Запретная тетрадь - Сеспедес Альба де

Я тут же почувствовала, как вокруг меня образуется то ли неловкая, то ли недоверчивая тишина, и увидела, что все смотрят на мое платье. Потом они осведомились, какого рода у меня работа, хотя в прошлом году уже справлялись об этом. Я повторила, что это приятная, ответственная работа, довольно хорошо оплачиваемая, и что я ее выполняю с удовольствием. Но чувствовала, что они не верят мне. Луиза сказала: «Бедняжка», и положила руку мне на плечо, словно у меня умер какой-то родственник. Камилла советовала: «А ты не могла бы найти отговорку?» Я ответила, что да, конечно, могла бы, но мне было бы невесело, я бы думала о той срочной работе, которую оставила без внимания, – да и вообще, освободиться на один раз смысла мало. Тогда Маргарита легкомысленно заключила: «Приходи же, приходи, ладно тебе, оставь эту работу!» – а потом, не успела я отреагировать, внезапно поняла, что опаздывает: «Боже мой, Луиджи!» – воскликнула она и, расцеловав подруг в щеки, поспешно вышла.
Мы уже стояли в дверях: эти два часа все как будто разыгрывали комедию, в которой только я одна не знала свою роль, забыла свои слова. Я молчала и понемногу осознавала, что та непреодолимая дистанция, мало-помалу образовавшаяся между нами за последние годы, связана с тем, что я работаю, а они – нет. А еще точнее, с тем, что я способна позаботиться об экономических потребностях в своей жизни, а они – нет.

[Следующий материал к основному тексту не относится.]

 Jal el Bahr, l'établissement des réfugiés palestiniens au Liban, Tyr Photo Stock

Это открытие умиротворило меня, придало мне уверенности в себе, почти что гордости, и прояснило, почему у меня было ощущение, что я старше их, хотя мы ровесницы. Я также поняла, что чувства, связывающие меня с Микеле, иного качества, чем те, которые связывают их со своими мужьями. Это радовало меня и заставляло с нетерпением ждать момента, когда можно ринуться домой сказать ему об этом, пусть даже зная, что, ввиду моего закрытого характера, оказавшись рядом, я вечно не в состоянии что-либо ему сказать: сажусь бок о бок с ним, с детьми, болтаю ни о чем. Тем не менее осознавала я и то, что в силу своей независимости никогда не смогу найти общий язык с Джулианой и остальными подругами; и это глубоко печалило меня, словно я уезжала прочь из какого-то места, ставшего дорогим.

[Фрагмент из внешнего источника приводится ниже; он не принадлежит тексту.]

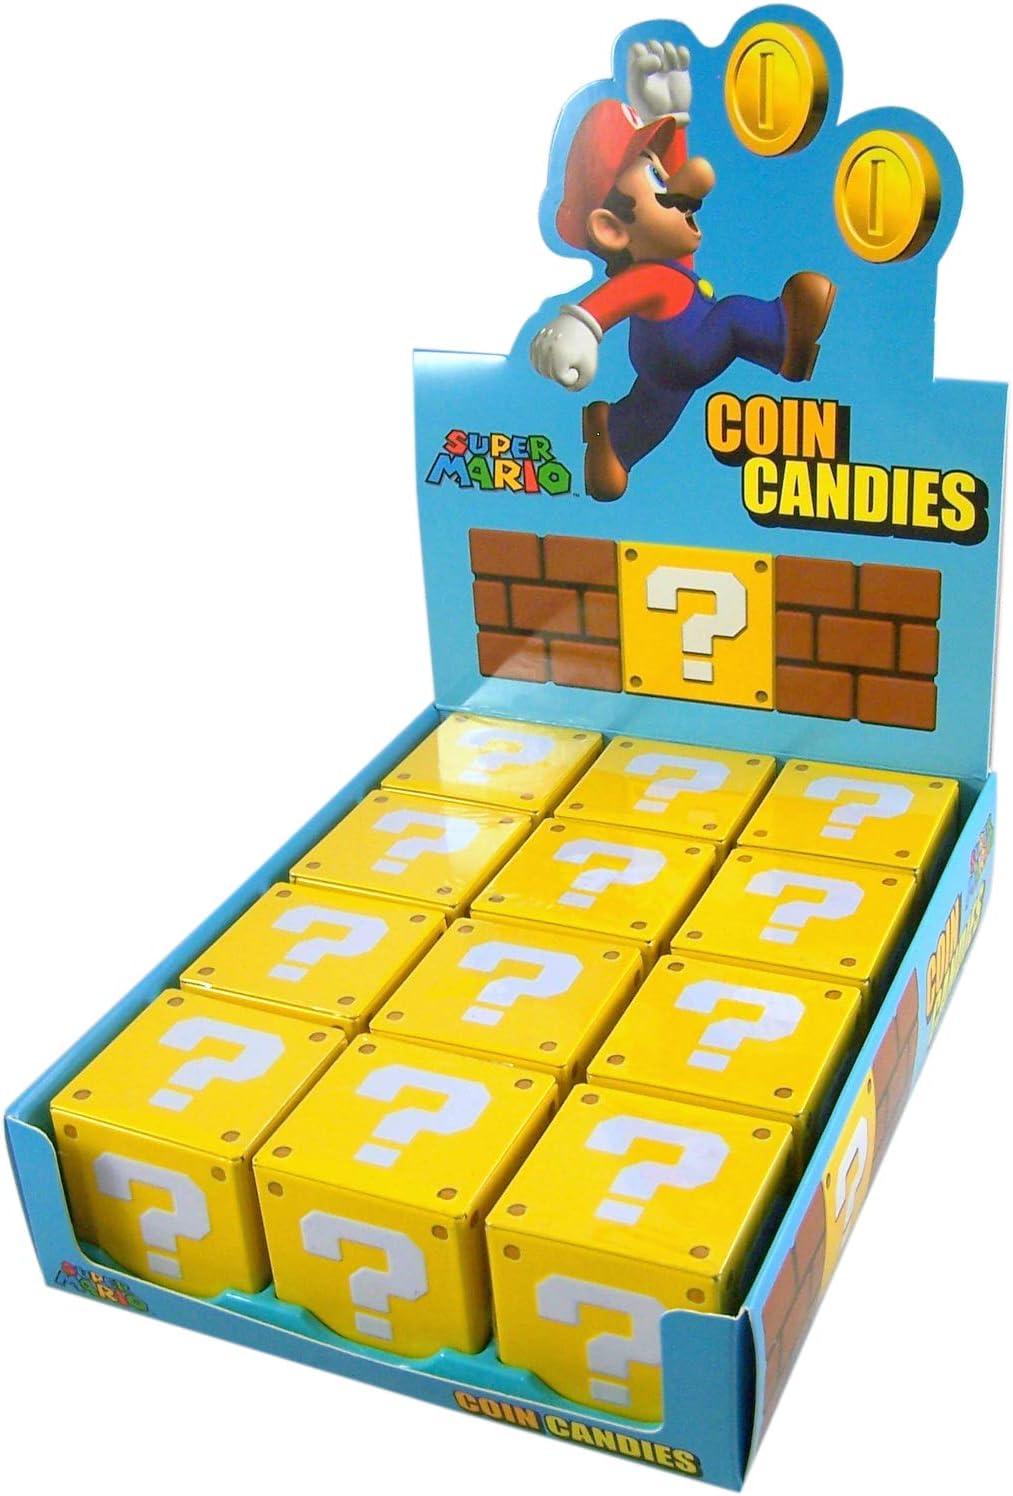 super mario bros coin box sind optionen die gleichen wie binäre optionen

Пока я размышляла обо всем этом про себя, Джулиана беседовала с Камиллой, расхваливая новую шубу Маргариты, редчайшую вещь из каракуля, стоившую, по их оценкам, больше миллиона. Камилла говорила, что муж Маргариты – знаменитый адвокат, а Джулиана одобрительно кивала, говоря о нем уважительным тоном. Я заметила, что они оценивали шубу жены, словно та подтверждала физическую силу мужа: украшения, которые он дарил Маргарите, дорогая одежда – все это тоже были доказательства его мужественности. Недаром к мужу Джачинты, которому оказалось по силам приобрести только беличью шубу, они, казалось, были менее благосклонны.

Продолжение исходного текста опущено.